America’s Nobel: The Neustadt International Prize for Literature
NORMAN, Oklahoma: The Neustadt International Prize for Literature may be the most prestigious literary award in the United States that you’ve never heard of. In certain circles it is sometimes referred to as “The American Nobel” not just because of its reputation for quality but also because the judges have on several occasions selected a winner who went on to bag the illustrious Swedish literary prize. This November, another writer will receive the accolade (plus the $50,000 and silver eagle feather that goes with it) and added to the list of potential, if not likely, Nobel-winners at a ceremony at the University of Oklahoma. Publishing Perspectives took the opportunity to talk about the prize’s 44 year history — and this year’s nominees — with Dr. Robert Con Davis-Undiano, executive director of World Literature Today, the journal that administers the prize.
I admit that I had never heard of this prize, which is “conferred solely on the basis of literary merit” as judged by an elite panel of judges who are all “acclaimed writers in own right.”

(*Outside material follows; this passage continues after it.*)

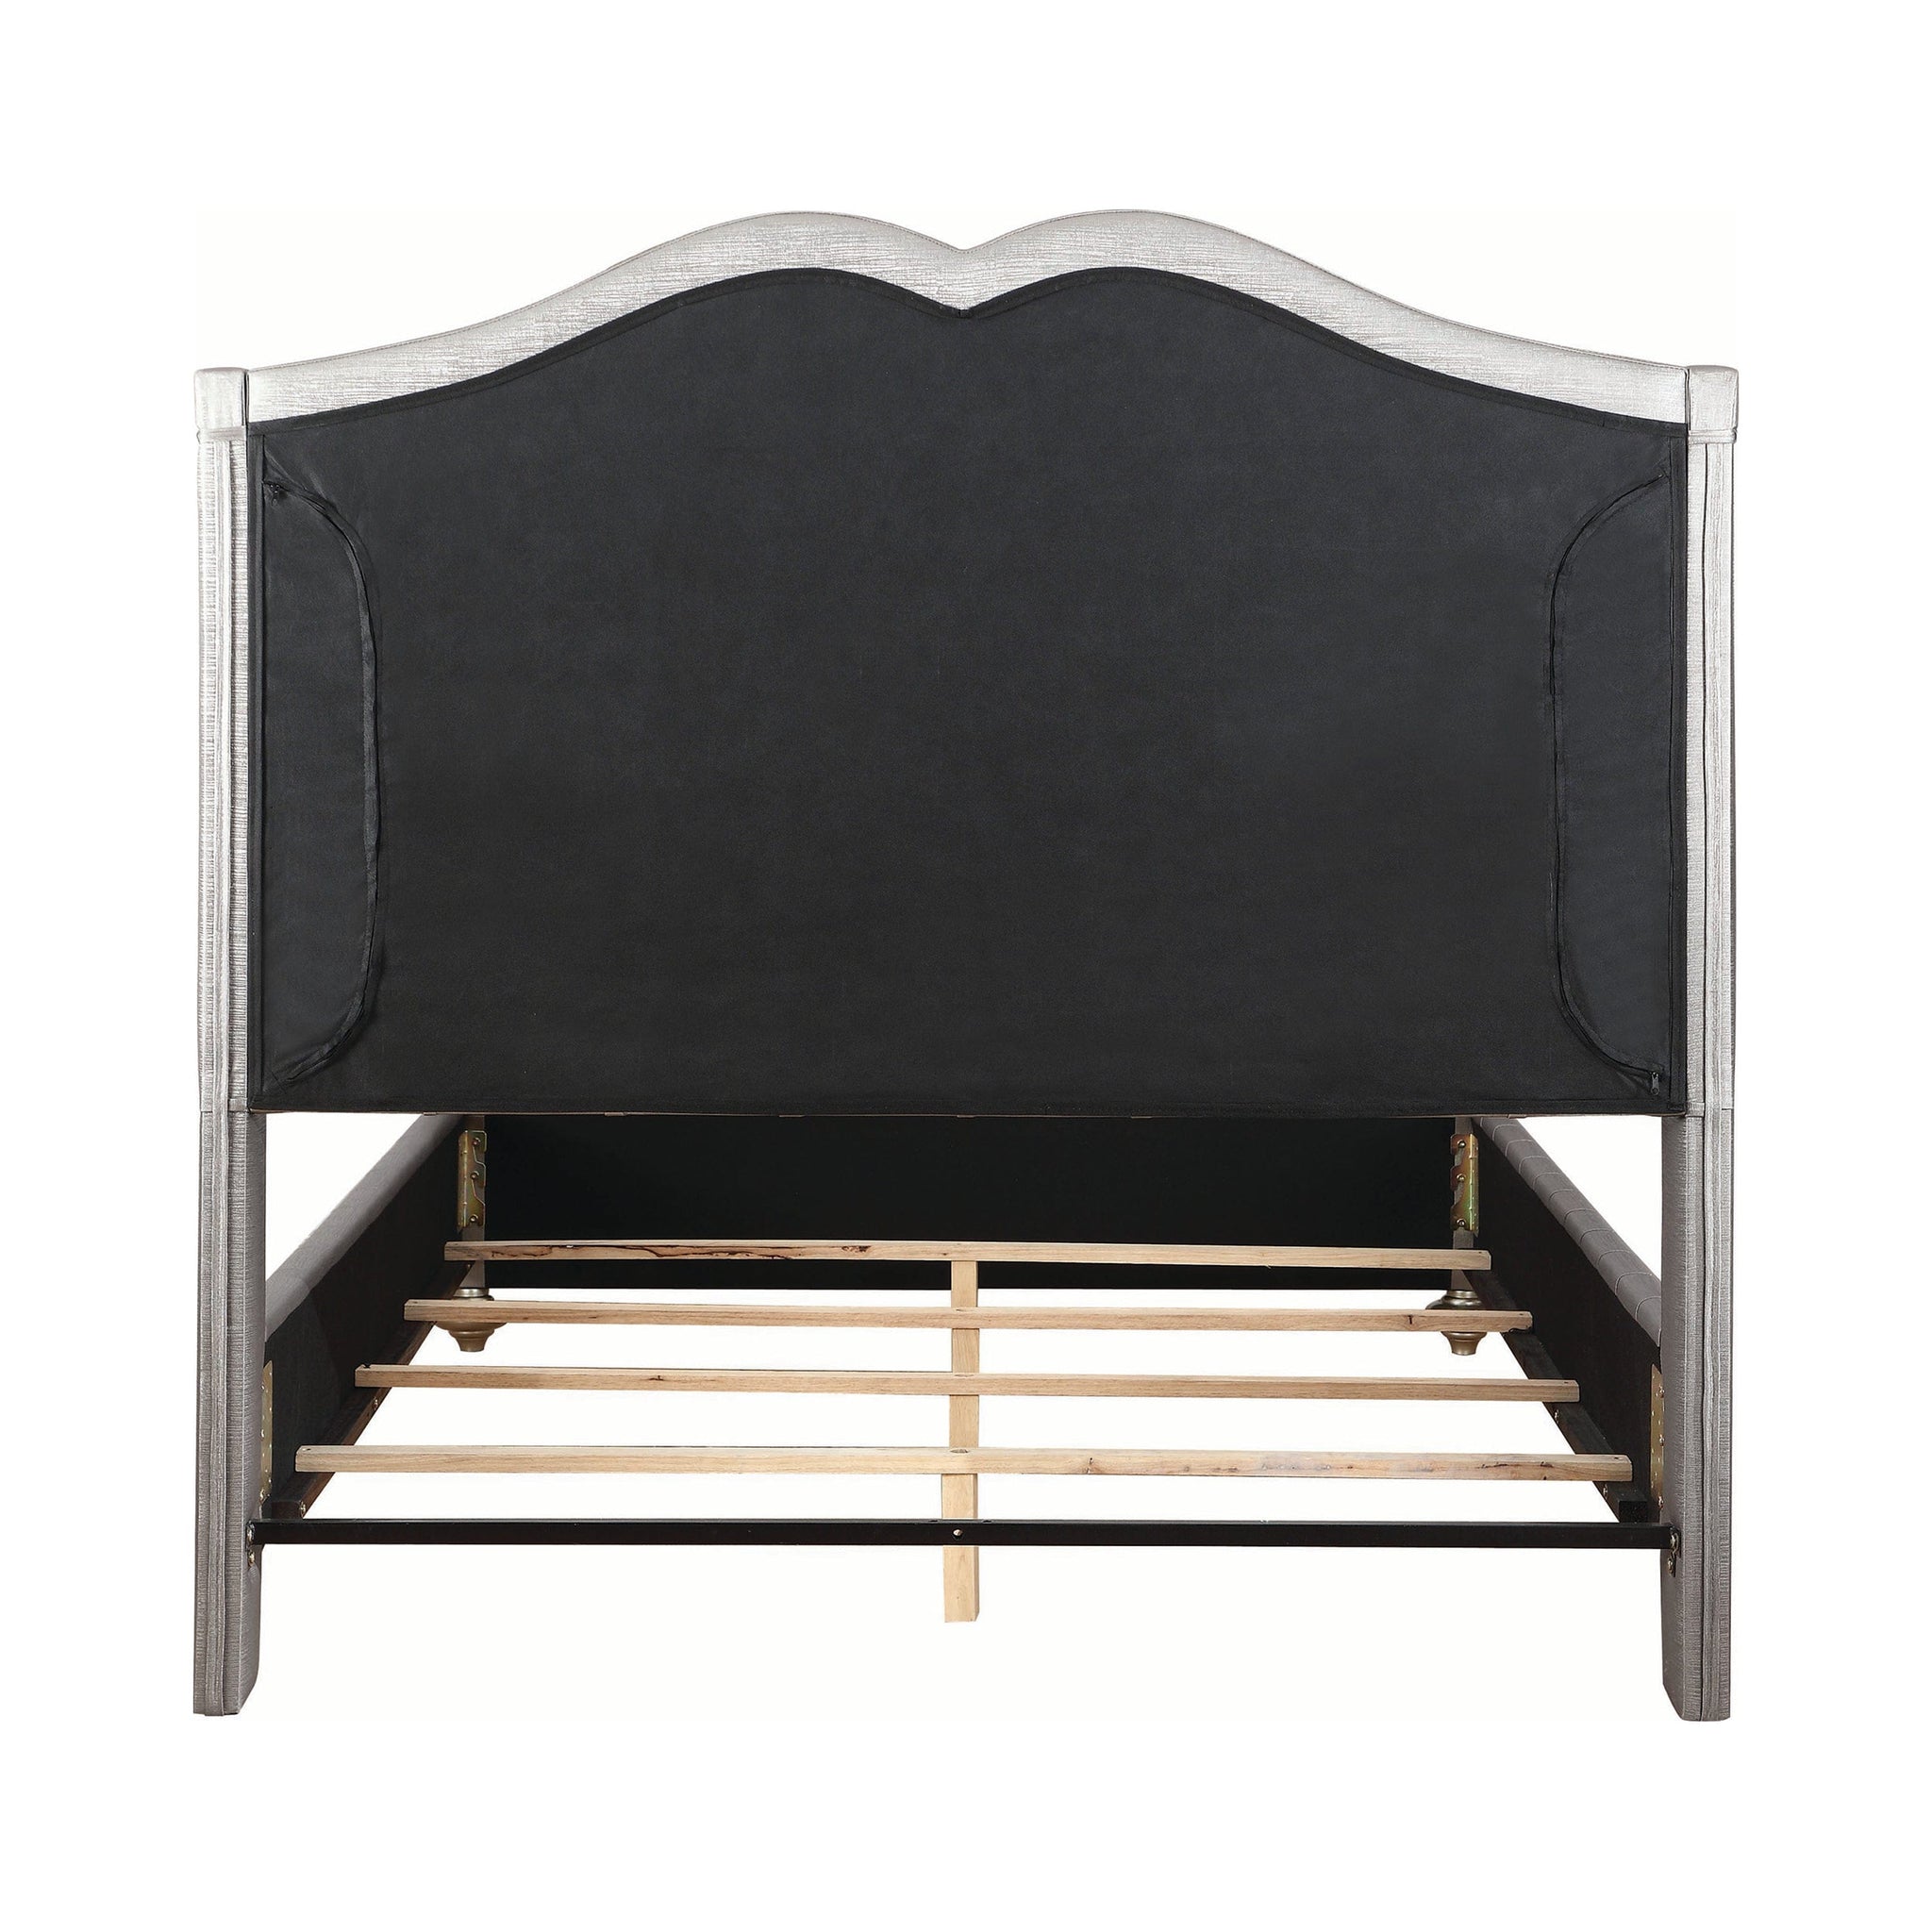 Belmont Tufted Upholstered Eastern King Bed Metallic - 300824KE

The short list for the 2013 prize has international scope:
Far and away the most famous nominee is Japan’s Haruki Murakami, who is up for his third nomination. Also nominated are: César Aira, the Argentine writer/translator; Mia Couto, a Mozambican poet and author; Duong Thu Huong, a Vietnamese novelist; Edward P. Jones, an American author; Ilya Kaminsky, a Ukrainian-born poet now resident in US; Chang-rae Lee, a South Korean-born author resident in US; Edouard Maunick, a Mauritian poet; and Ghassan Zaqtan, a Palestinian poet, novelist and editor. There are also numerous firsts among the nominees: never before have writers from Mauritius, Mozambique, Palestine, or Ukraine been nominated for the prize, meanwhile Jones is first male African-American writer to make the shortlist.

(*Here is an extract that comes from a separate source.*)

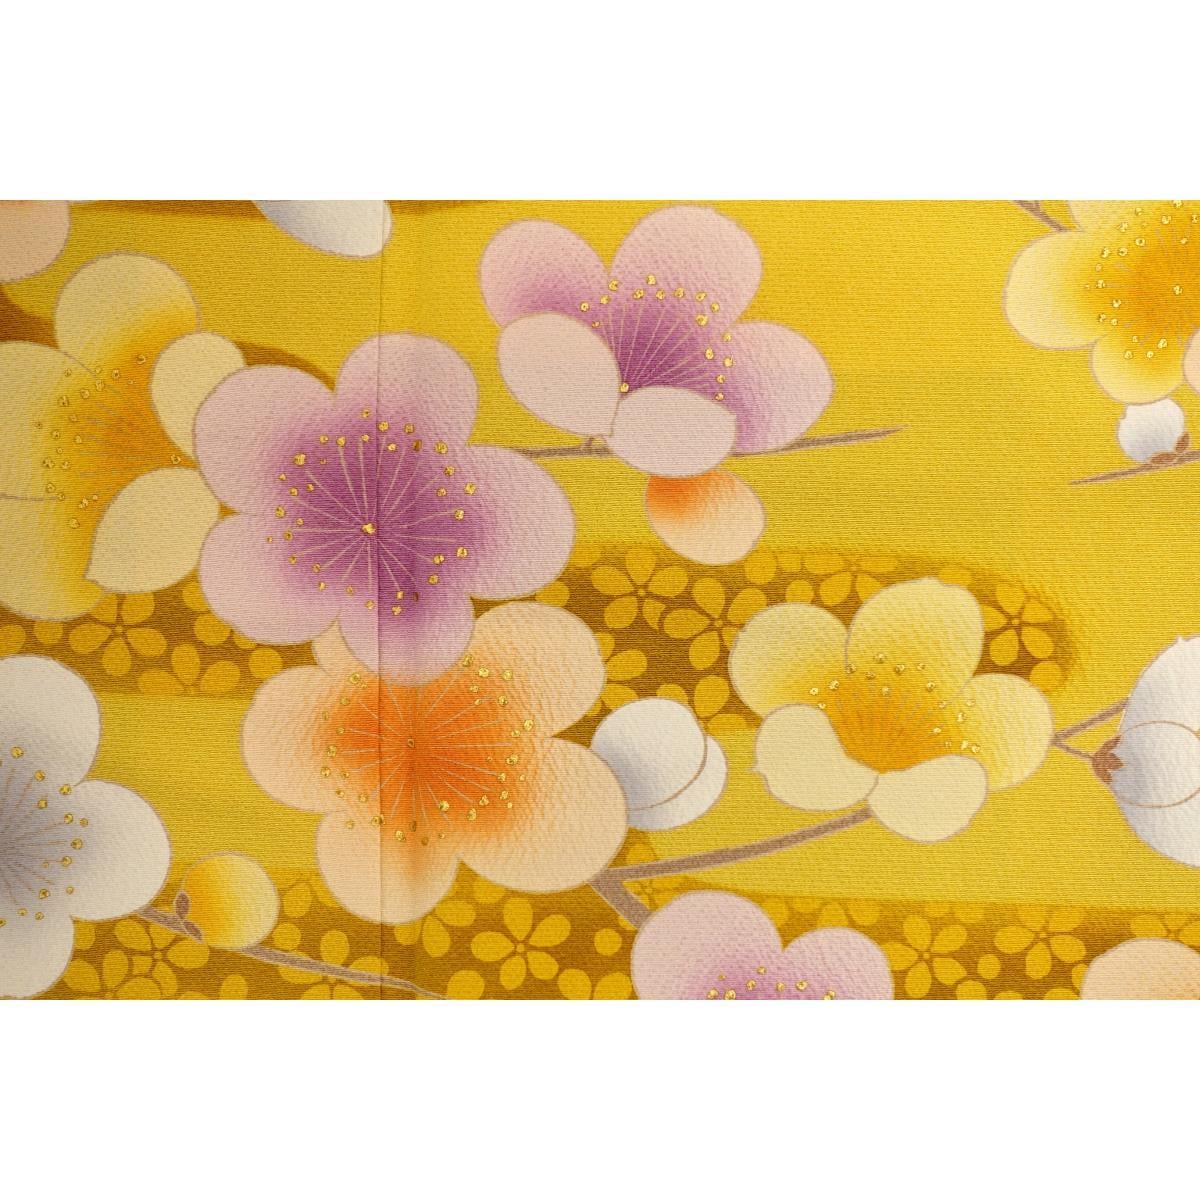 [Unused items] Furisode Yuzen gold-colored kimono/Nagajun undergarment 2-piece set

200 Years of Books Prove That City-Living Changes Our Psychology
UCLA researcher Patricia Greenfield has long suspected that the environment around us influences our psychology – not in the classic sense that our family life or peer groups sway our behavior, but in a much broader way. Human psychology adapts differently, she theorized, to rural settings than to urban ones.
Rural living, with its subsistence economies, simpler technologies, and close-knit communities, demands of people a greater sense of deference to authority and duty to each other. Urbanization, on the other hand, generally comes with greater wealth and education, and complex technology and commerce. Adapt to life in a city, and a different set of values becomes more important: for starters, personal choice, property accumulation, and materialism.
. . .
Greenfield’s theory borrows from psychology, sociology, and anthropology. But the evidence mostly comes from literature, a collection of 1,160,000 English-language popular and academic books published between 1800 and 2000. If American culture and psychology grew more individualistic as the country urbanized, wouldn’t that transformation be clear in the words from American books (and the concepts that lie behind them)?
The ability to formulate this type of hypothesis results from the digitization of many, many books that allows for computer analysis of language usage. See the graphs in this article for illustrations of how Greenfield performed her analysis.